Bildungsnähe als Vorteil
Umso wichtiger sei es, sagen verschiedene Fachleute, dass man sich bei den Entscheiden auf professionelle Gutachten abstütze. Zudem gebe es auch Grenzen: So dürfe es bei berufsrelevanten Nachteilen keinen Ausgleich geben. Zum Beispiel muss, wer Kaufmann lernen will, auch gut rechnen können. Eine schwere Dyskalkulie muss in diesem Beruf nicht kompensiert werden, entschied kürzlich die Verwaltungs-Rekurskommission des Kantons St. Gallen. Grundsätzlich aber sei der Nachteilsausgleich eine gute Sache, sagt Ludescher. «Wir informieren heute aktiver über diese Möglichkeit.» St. Gallen gilt diesbezüglich als Vorreiter-Kanton.

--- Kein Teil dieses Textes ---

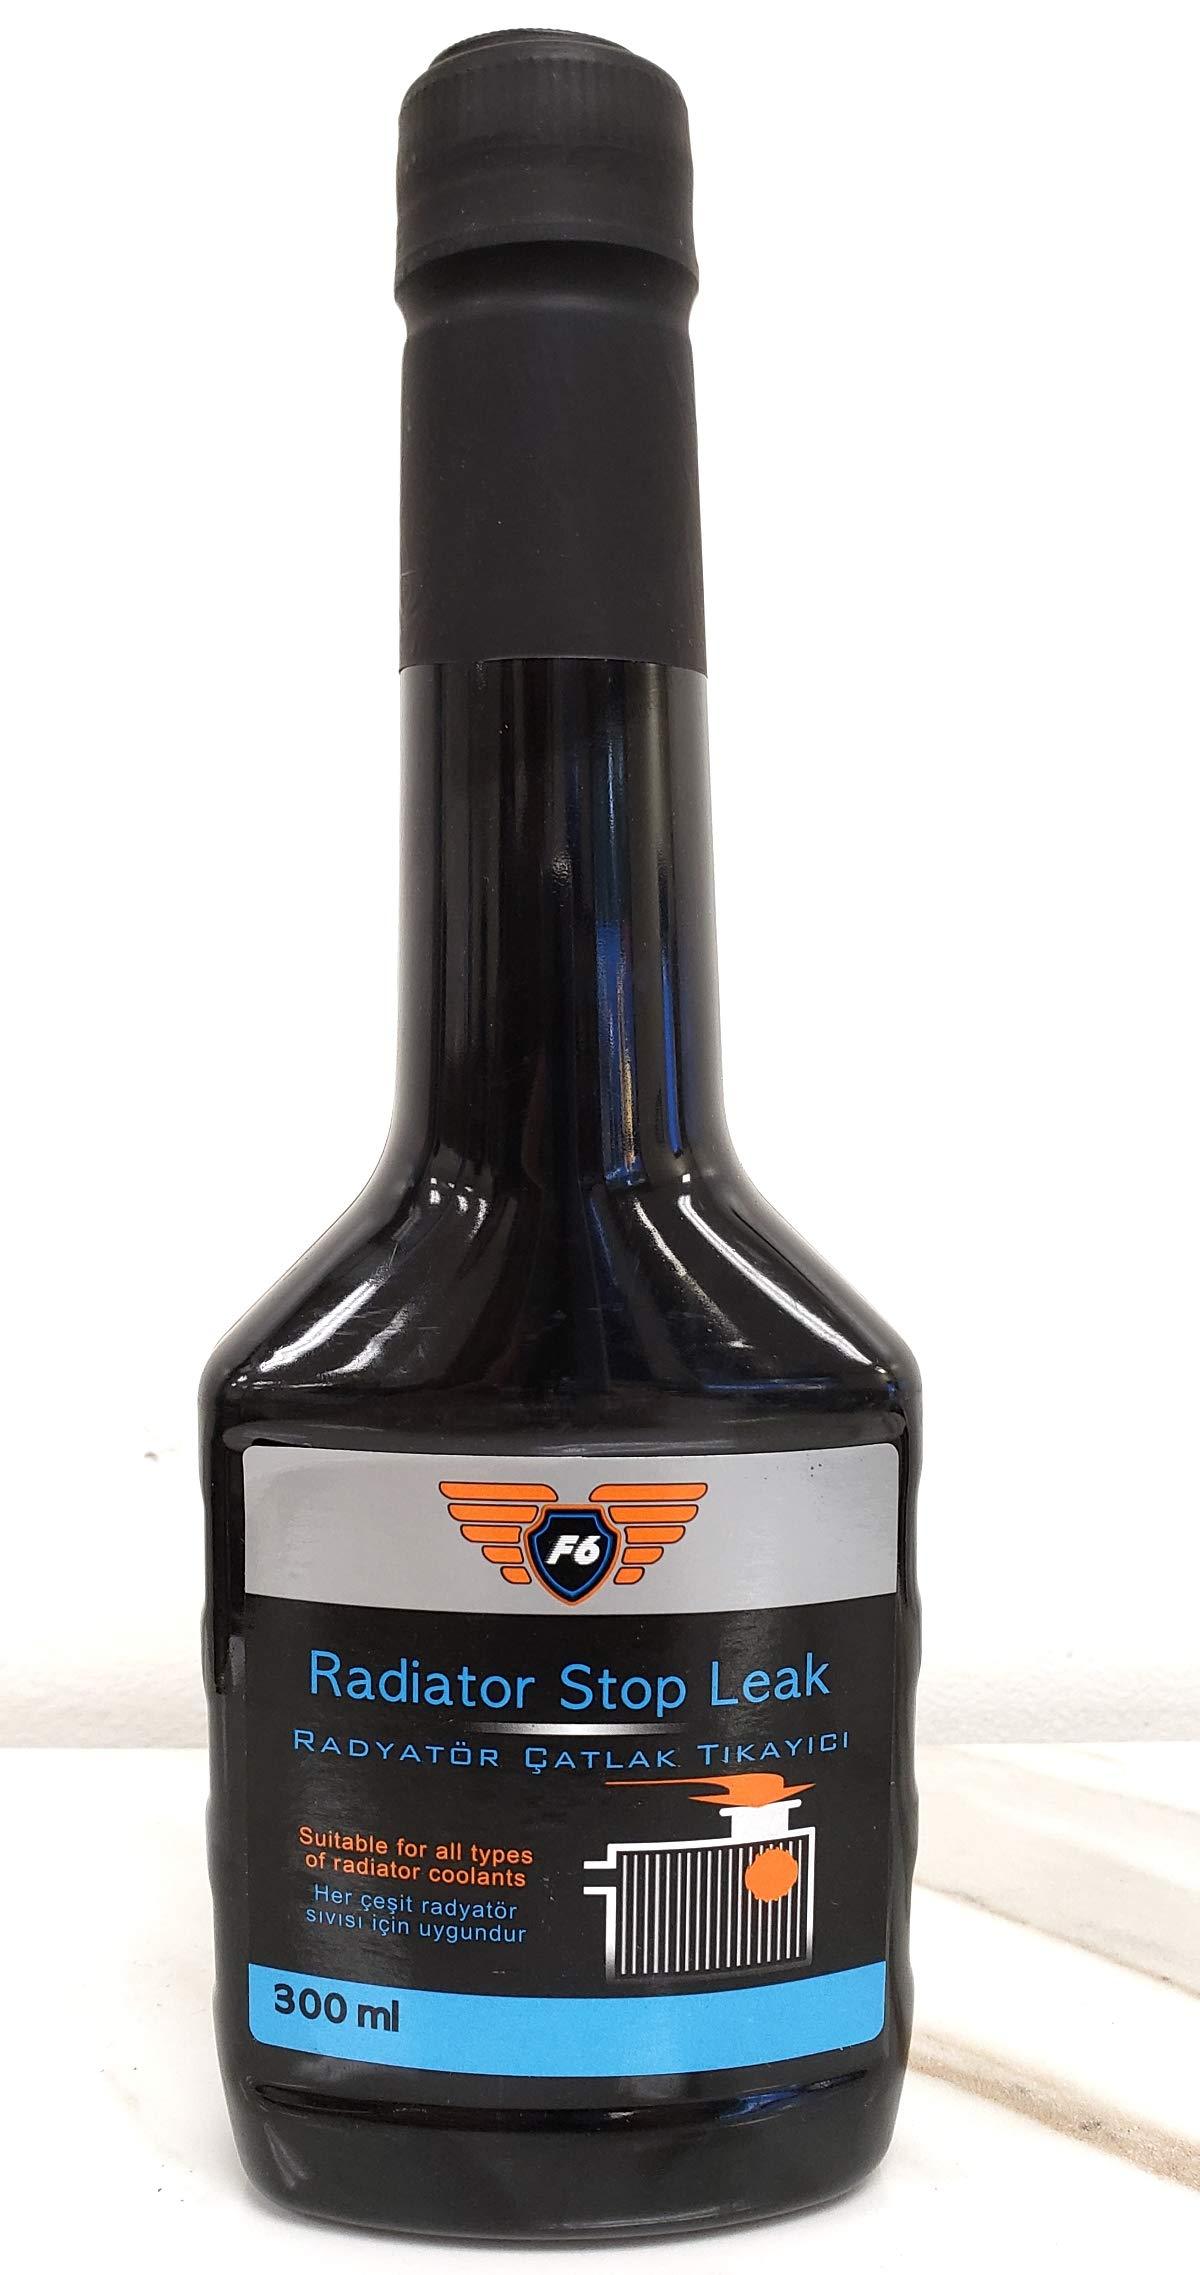 Speedol F6 Radiator Stop Leak Cooling System Sealer, 10.14 Oz (300 Ml) Bottle   Fixes Minor Leaks and Seepages in The Radiator by Speedol

Solche Initiativen begrüsst auch die Wissenschafterin Pia Georgi von der Hochschule für Heilpädagogik. Es sei wichtig, dass die Schulen auf den Nachteilsausgleich aufmerksam machten. «Das erhöht die Chancengleichheit», sagt sie. Denn es stellt sich die Frage, ob heute nicht vor allem gut gebildete Eltern solche Ausgleiche für ihre Kinder einfordern, weil sie um diese Möglichkeit wissen. Ein Eindruck, den auch Mittelschulrektoren teilen. Dem wollen Georgi und ihre Kollegin Claudia Schellenberg in ihrer Studie auch noch nachgehen. «Es ist denkbar, dass es hier gewisse Einflüsse gibt», sagt die Wissenschafterin.

Zudem soll der langfristige Effekt der Massnahme untersucht werden. Dem eingangs erwähnten Jugendlichen hat der juristische Kampf seines Vaters indes nichts genützt: Er ist zur erneuten Aufnahmeprüfung gar nicht mehr angetreten.